EXTRACTED INFORMATION ▸
▽

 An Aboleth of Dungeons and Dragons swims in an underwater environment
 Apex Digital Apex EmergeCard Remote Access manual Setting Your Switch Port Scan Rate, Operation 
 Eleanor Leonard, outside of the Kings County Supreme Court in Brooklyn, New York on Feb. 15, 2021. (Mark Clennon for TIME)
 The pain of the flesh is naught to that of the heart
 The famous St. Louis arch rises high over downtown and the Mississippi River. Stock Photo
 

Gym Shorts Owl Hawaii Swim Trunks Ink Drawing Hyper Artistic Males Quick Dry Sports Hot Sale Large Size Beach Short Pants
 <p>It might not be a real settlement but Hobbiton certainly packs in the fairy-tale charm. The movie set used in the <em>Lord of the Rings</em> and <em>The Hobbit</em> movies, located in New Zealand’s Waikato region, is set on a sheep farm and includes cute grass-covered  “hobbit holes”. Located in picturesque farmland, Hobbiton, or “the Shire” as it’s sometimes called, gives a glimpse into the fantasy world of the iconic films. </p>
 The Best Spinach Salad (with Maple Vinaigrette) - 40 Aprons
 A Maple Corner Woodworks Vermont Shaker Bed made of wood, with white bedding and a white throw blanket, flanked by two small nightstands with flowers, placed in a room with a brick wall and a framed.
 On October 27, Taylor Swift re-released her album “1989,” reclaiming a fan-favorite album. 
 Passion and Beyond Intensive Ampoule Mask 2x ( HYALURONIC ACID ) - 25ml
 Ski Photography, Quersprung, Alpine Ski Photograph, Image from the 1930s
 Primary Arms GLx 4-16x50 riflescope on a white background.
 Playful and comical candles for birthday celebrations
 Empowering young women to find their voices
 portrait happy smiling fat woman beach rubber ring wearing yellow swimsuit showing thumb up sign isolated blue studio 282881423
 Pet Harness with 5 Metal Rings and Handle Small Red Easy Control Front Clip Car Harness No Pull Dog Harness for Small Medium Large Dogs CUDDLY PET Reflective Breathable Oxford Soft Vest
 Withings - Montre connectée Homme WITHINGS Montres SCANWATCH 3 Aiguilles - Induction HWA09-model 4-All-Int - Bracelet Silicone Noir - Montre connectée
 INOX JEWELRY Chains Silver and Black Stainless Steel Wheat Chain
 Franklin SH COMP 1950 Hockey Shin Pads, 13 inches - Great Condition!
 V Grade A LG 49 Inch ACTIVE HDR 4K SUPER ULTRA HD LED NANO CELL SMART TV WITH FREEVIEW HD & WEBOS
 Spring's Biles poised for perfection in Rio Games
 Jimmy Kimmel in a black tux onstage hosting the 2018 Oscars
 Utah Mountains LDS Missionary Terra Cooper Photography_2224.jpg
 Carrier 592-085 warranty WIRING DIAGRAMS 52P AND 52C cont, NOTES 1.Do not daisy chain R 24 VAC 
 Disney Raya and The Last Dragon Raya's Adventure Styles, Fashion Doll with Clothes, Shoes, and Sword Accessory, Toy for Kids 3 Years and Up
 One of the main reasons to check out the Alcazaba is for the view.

△

WORK ITEM ▸ Would you print, exactly as written, every line above from the one holding "Passion and Beyond" through the one holding "Withings - Montre", with both included and no other lines?

EXERCISE RESPONSE ▸
 Passion and Beyond Intensive Ampoule Mask 2x ( HYALURONIC ACID ) - 25ml
 Ski Photography, Quersprung, Alpine Ski Photograph, Image from the 1930s
 Primary Arms GLx 4-16x50 riflescope on a white background.
 Playful and comical candles for birthday celebrations
 Empowering young women to find their voices
 portrait happy smiling fat woman beach rubber ring wearing yellow swimsuit showing thumb up sign isolated blue studio 282881423
 Pet Harness with 5 Metal Rings and Handle Small Red Easy Control Front Clip Car Harness No Pull Dog Harness for Small Medium Large Dogs CUDDLY PET Reflective Breathable Oxford Soft Vest
 Withings - Montre connectée Homme WITHINGS Montres SCANWATCH 3 Aiguilles - Induction HWA09-model 4-All-Int - Bracelet Silicone Noir - Montre connectée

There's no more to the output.